DATASET EXTRACT =
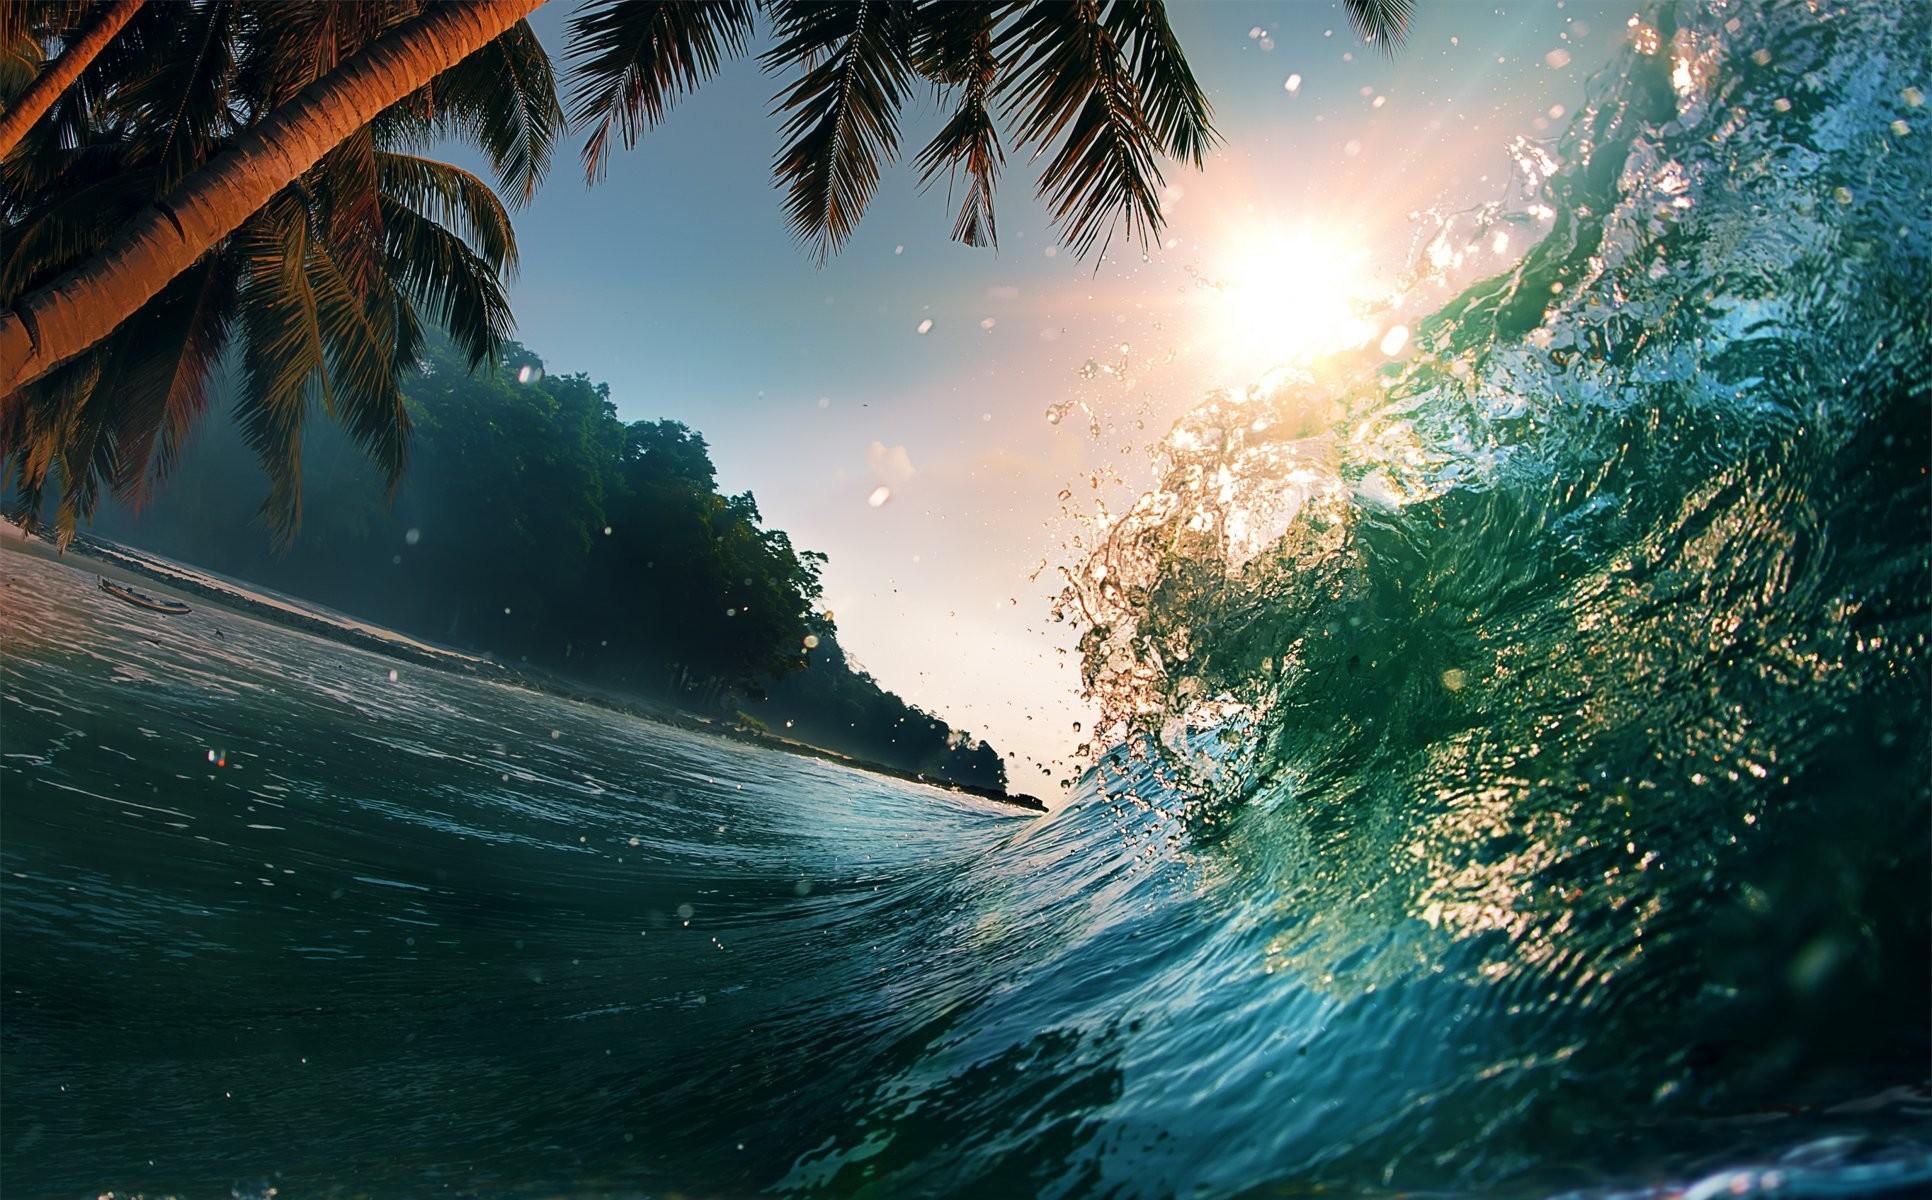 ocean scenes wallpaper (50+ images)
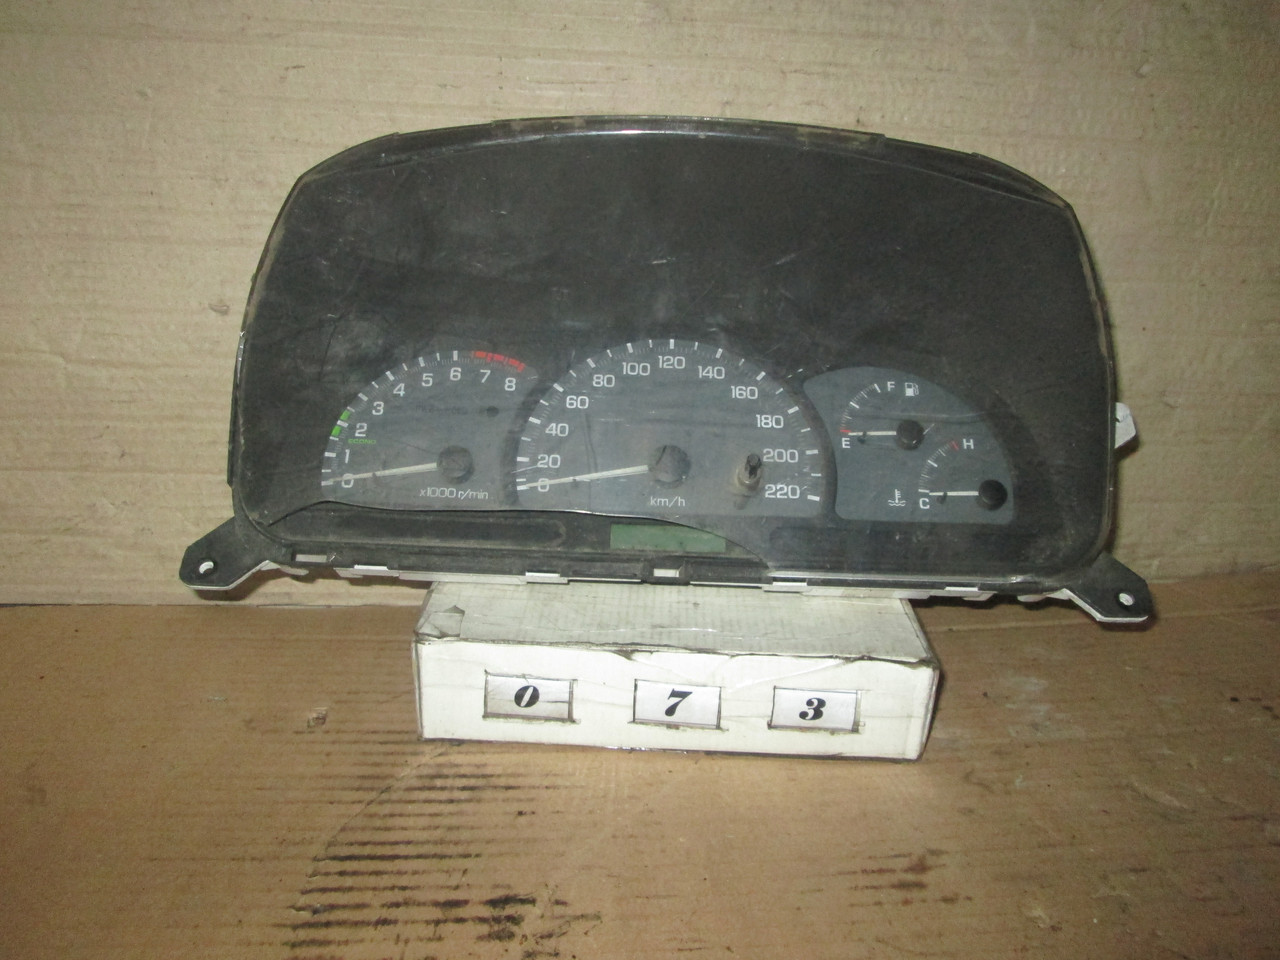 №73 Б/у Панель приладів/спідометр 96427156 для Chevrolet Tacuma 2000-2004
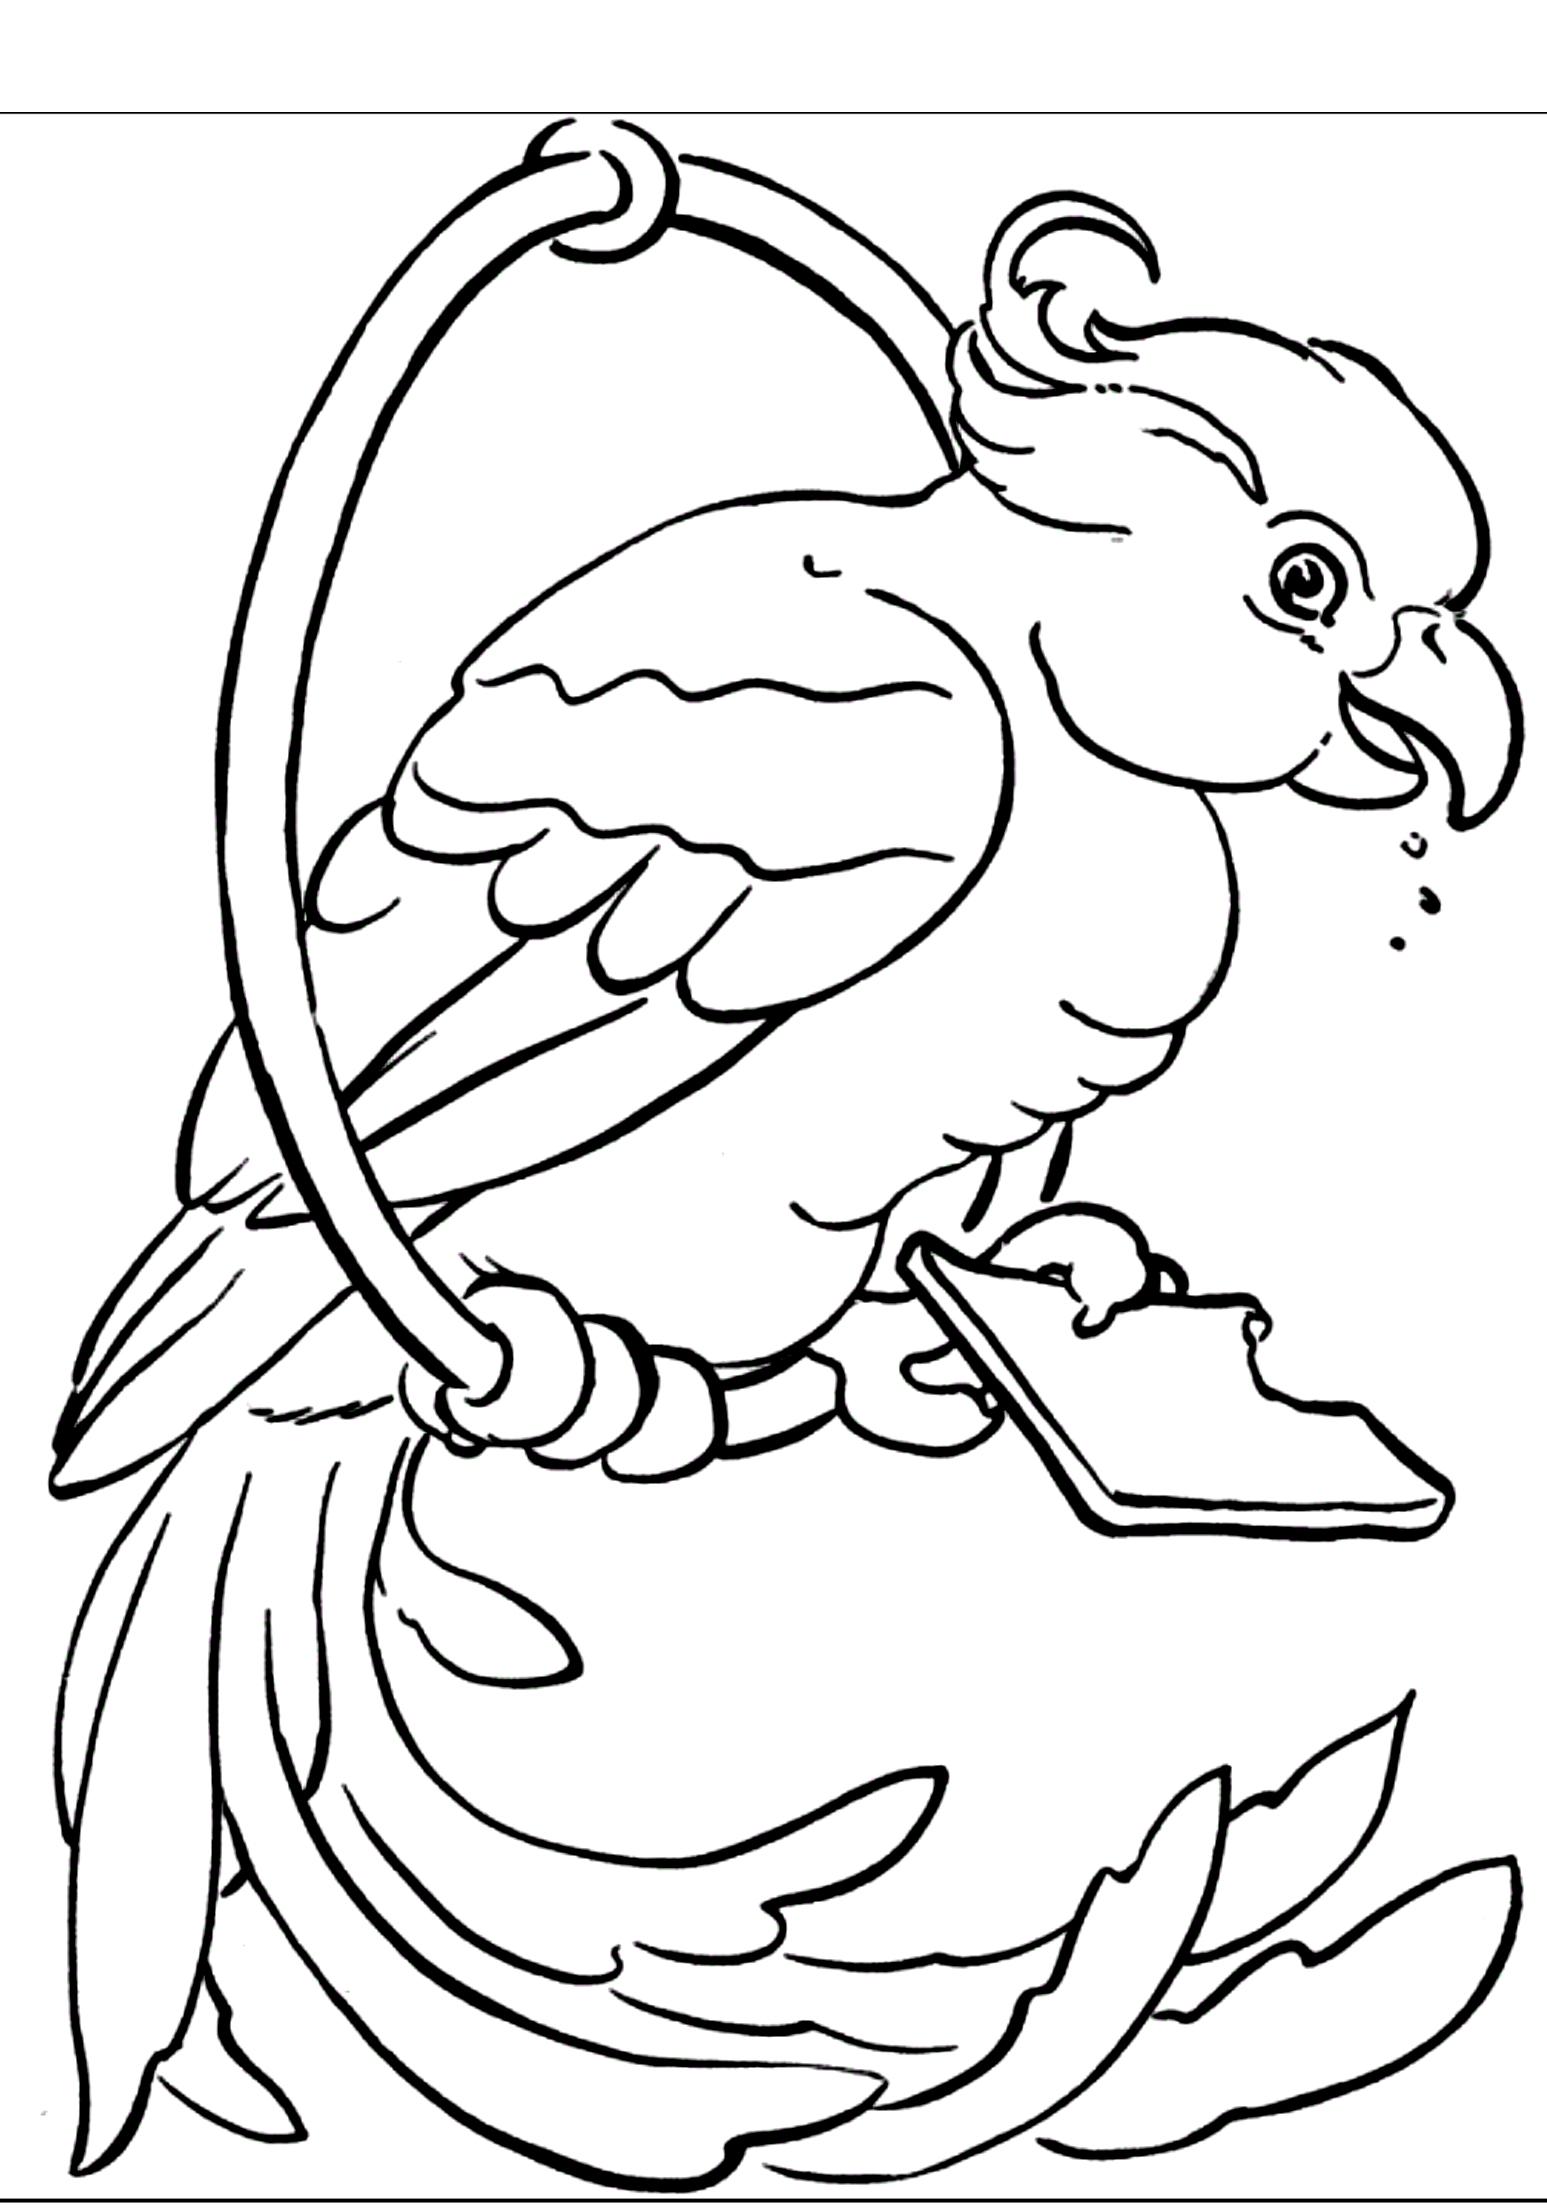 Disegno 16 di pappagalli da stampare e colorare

THE TASK =
Would you please set down the listing above exactly, minus its images?

OUTPUT OF THE EXERCISE =
 ocean scenes wallpaper (50+ images)
 №73 Б/у Панель приладів/спідометр 96427156 для Chevrolet Tacuma 2000-2004
 Disegno 16 di pappagalli da stampare e colorare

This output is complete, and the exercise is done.